:: WHAT YOU ARE ASKED TO DO ::
Please copy all of the data that follows exactly, leaving any pictures out.

:: GIVEN RECORDS ::
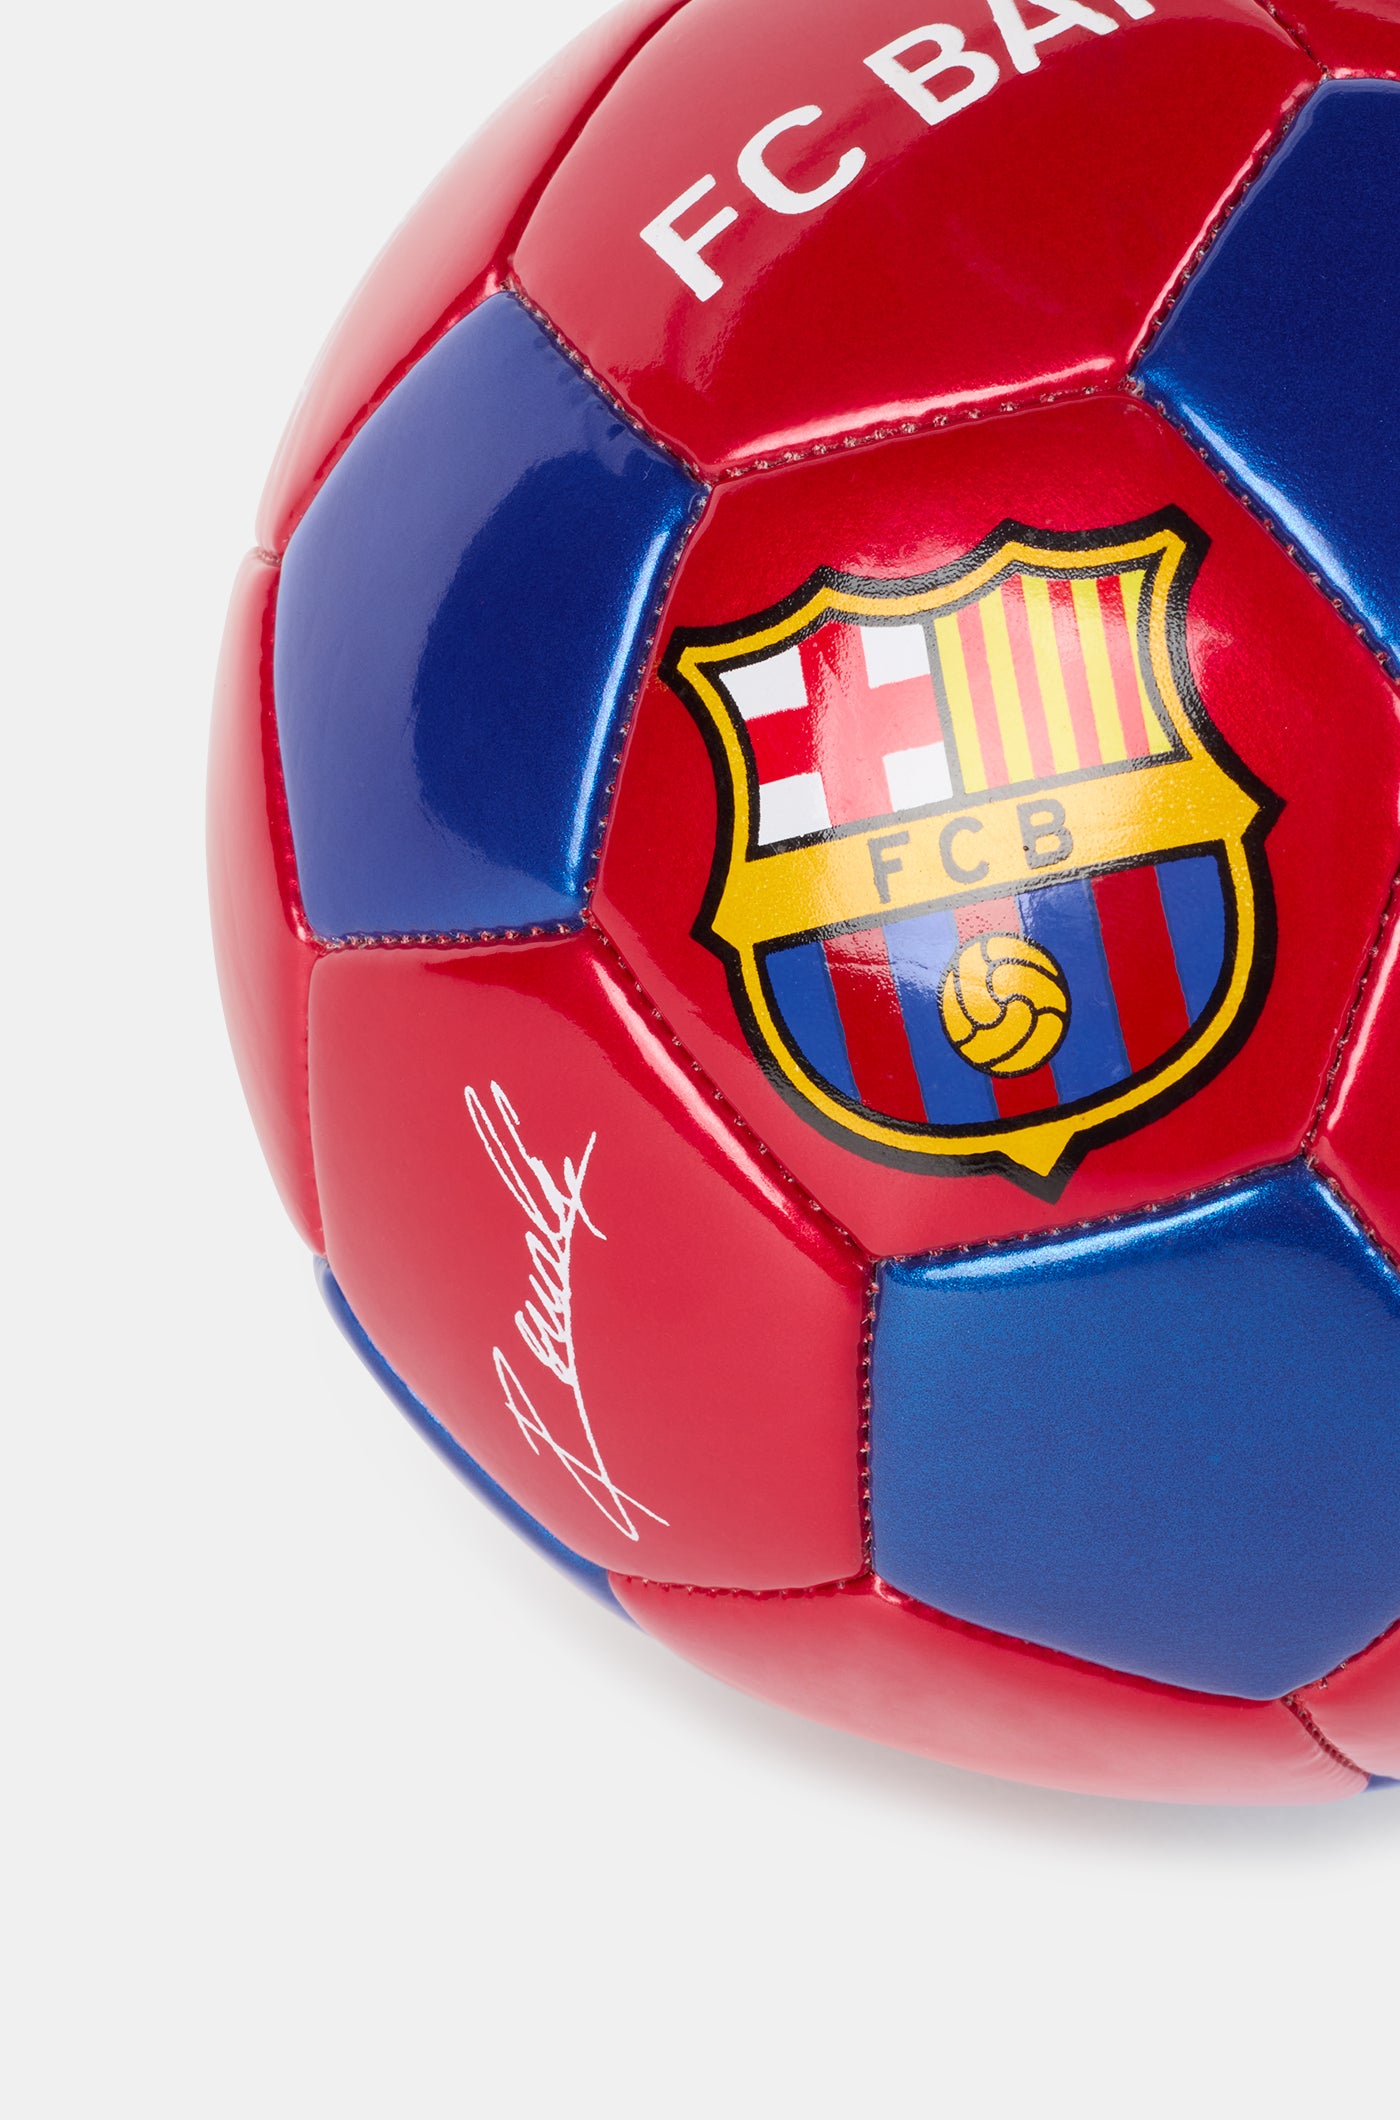 Ballon FC Barcelone - Mini
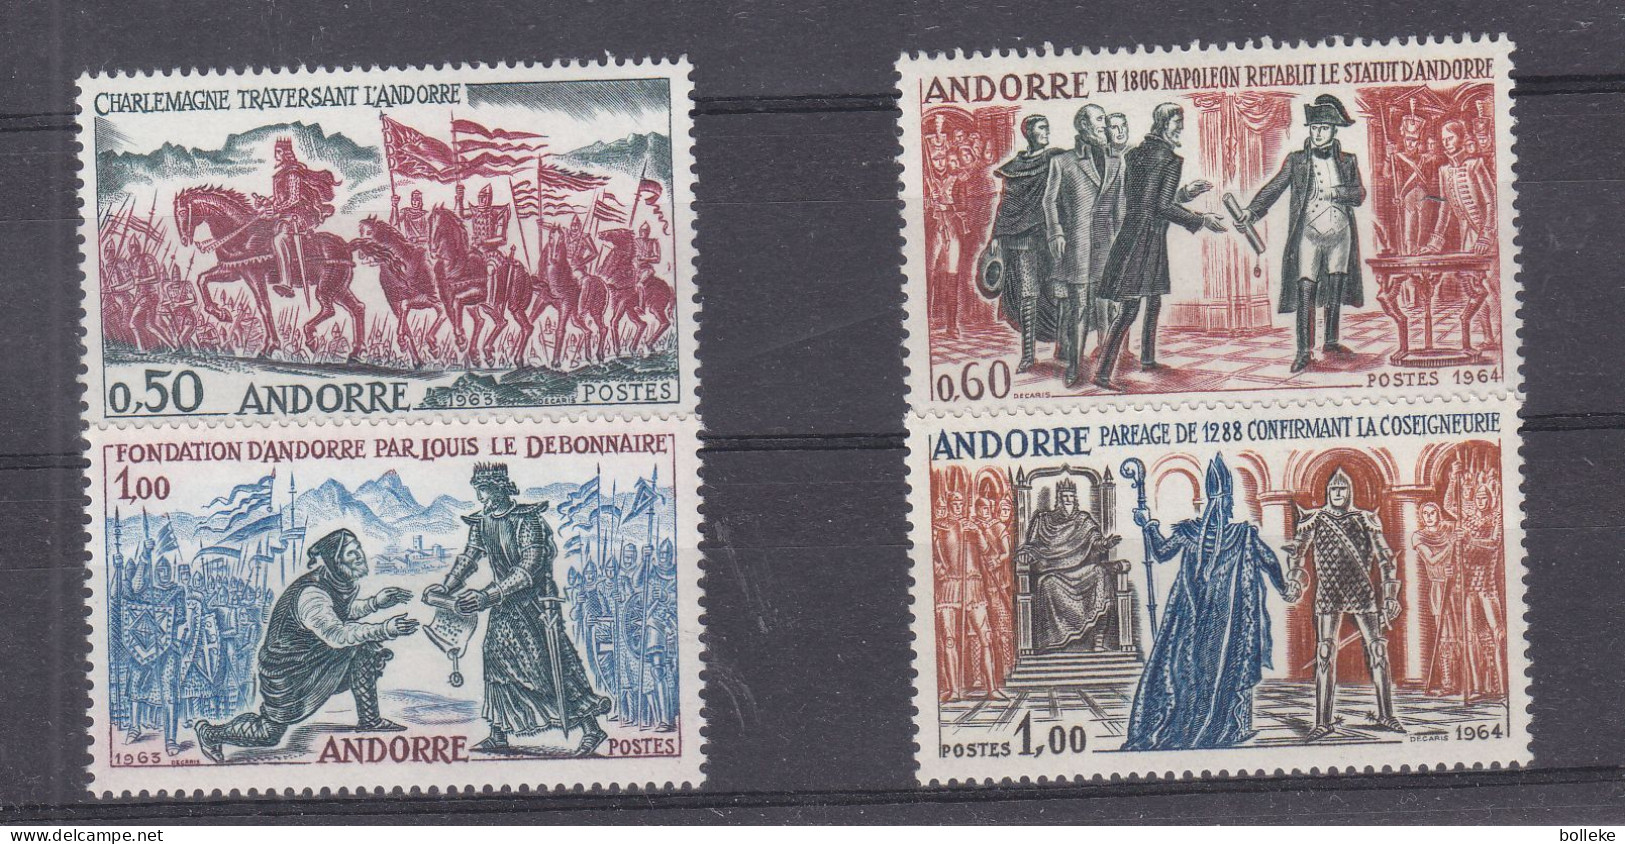 Napoleon - Andorre Français - Yvert 167 / 70 ** - Drapeaux - Valeur 85,00 Euros - - Unused Stamps
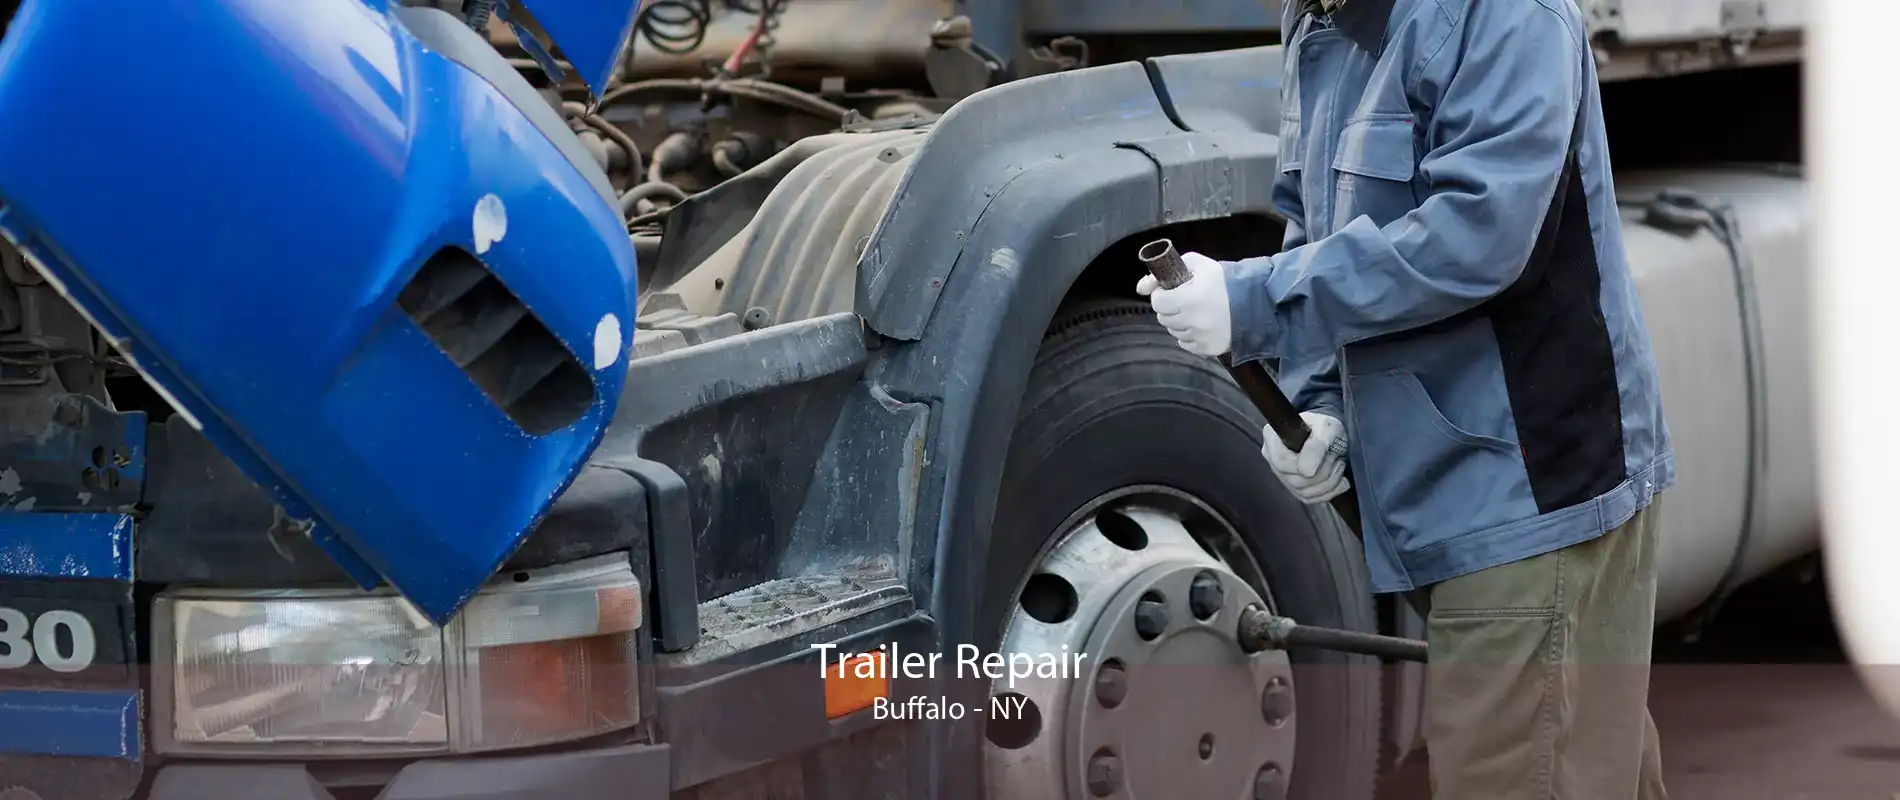 Trailer Repair Buffalo - NY
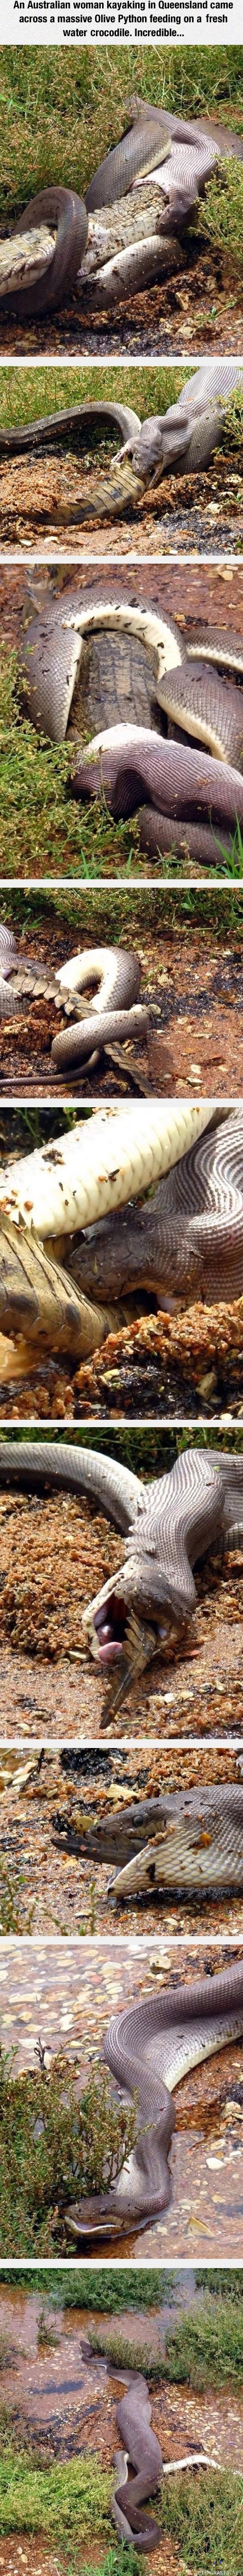 Pyyttoni evästämässä - Normipäivä Australiassa käärme nielemässä krokotiilia
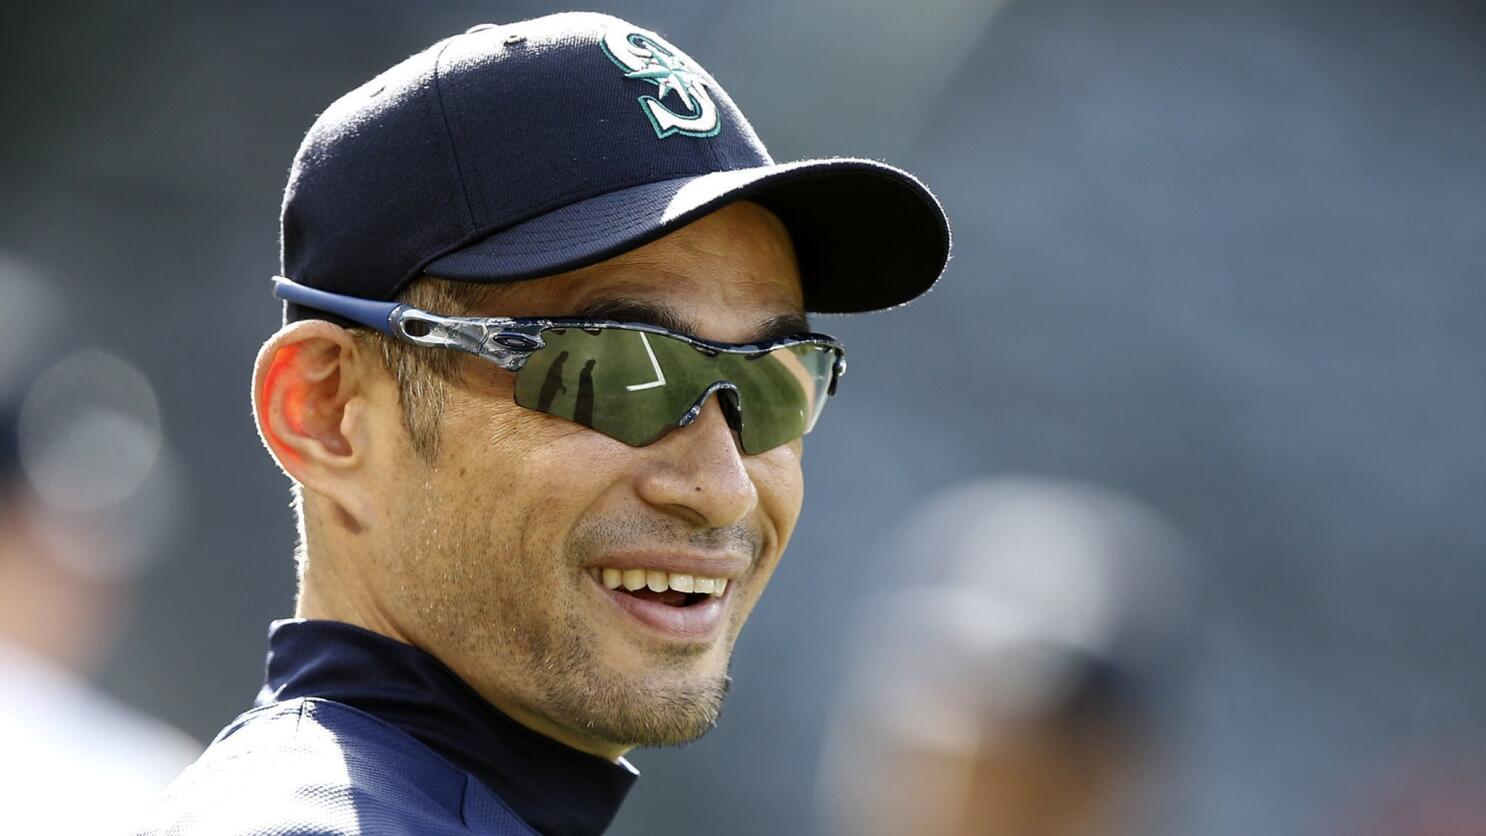 ichiro suzuki sunglasses
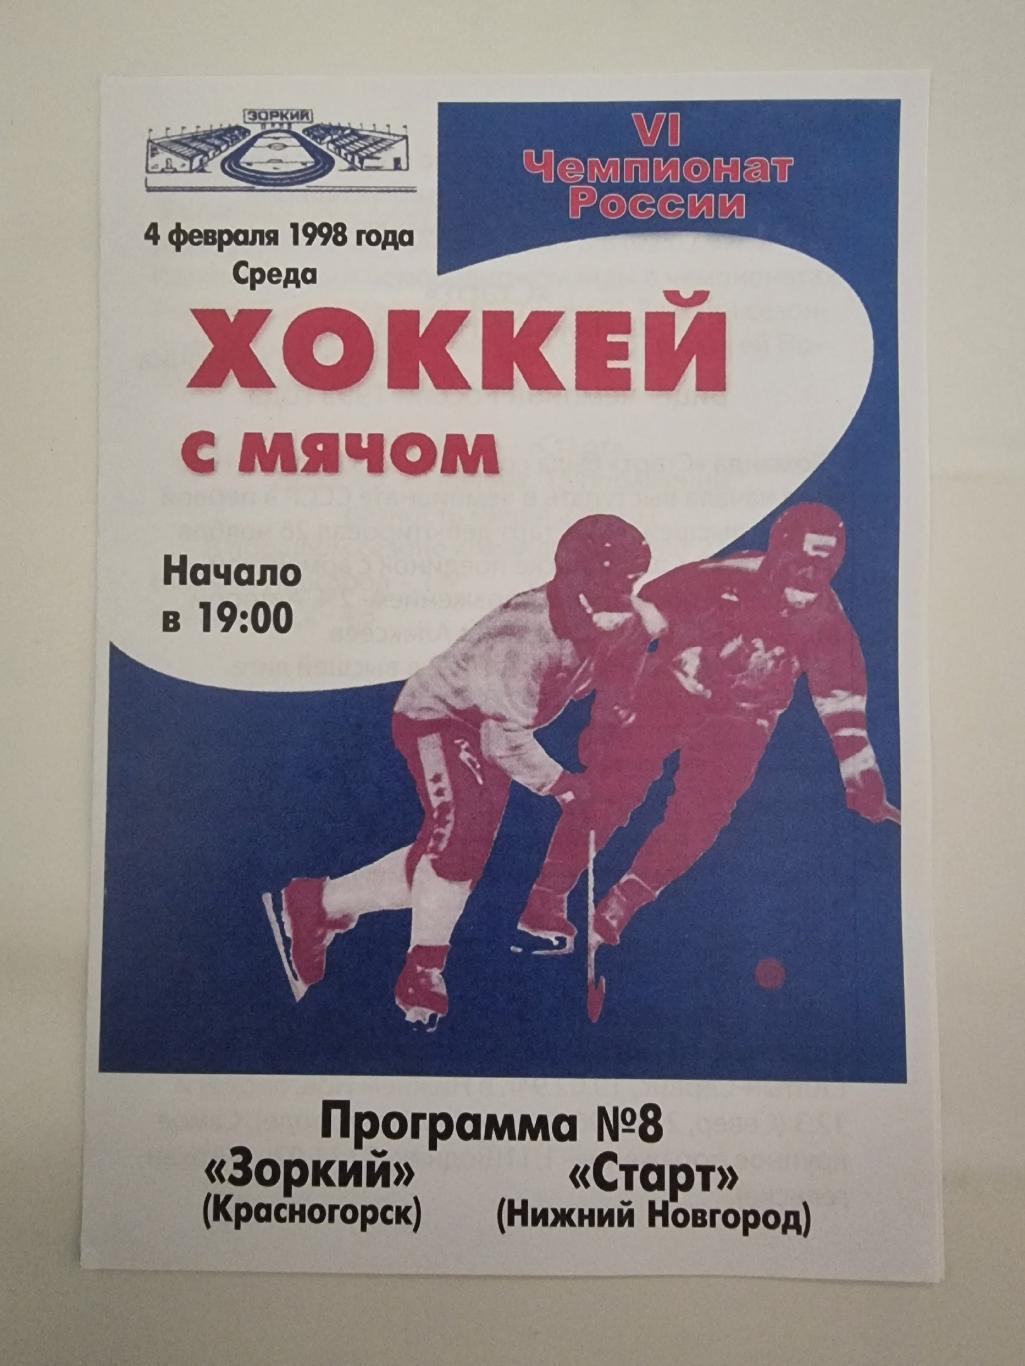 Хоккей с мячом. Зоркий Красногорск - Старт Нижний Новгород 4 февраля 1998

:: SOLUTION FOR THIS PROBLEM ::
 Ballon FC Barcelone - Mini
 Napoleon - Andorre Français - Yvert 167 / 70 ** - Drapeaux - Valeur 85,00 Euros - - Unused Stamps
 Trailer Repair Buffalo - NY
 Pyyttoni evästämässä - Normipäivä Australiassa käärme nielemässä krokotiilia
 ichiro suzuki sunglasses
 Хоккей с мячом. Зоркий Красногорск - Старт Нижний Новгород 4 февраля 1998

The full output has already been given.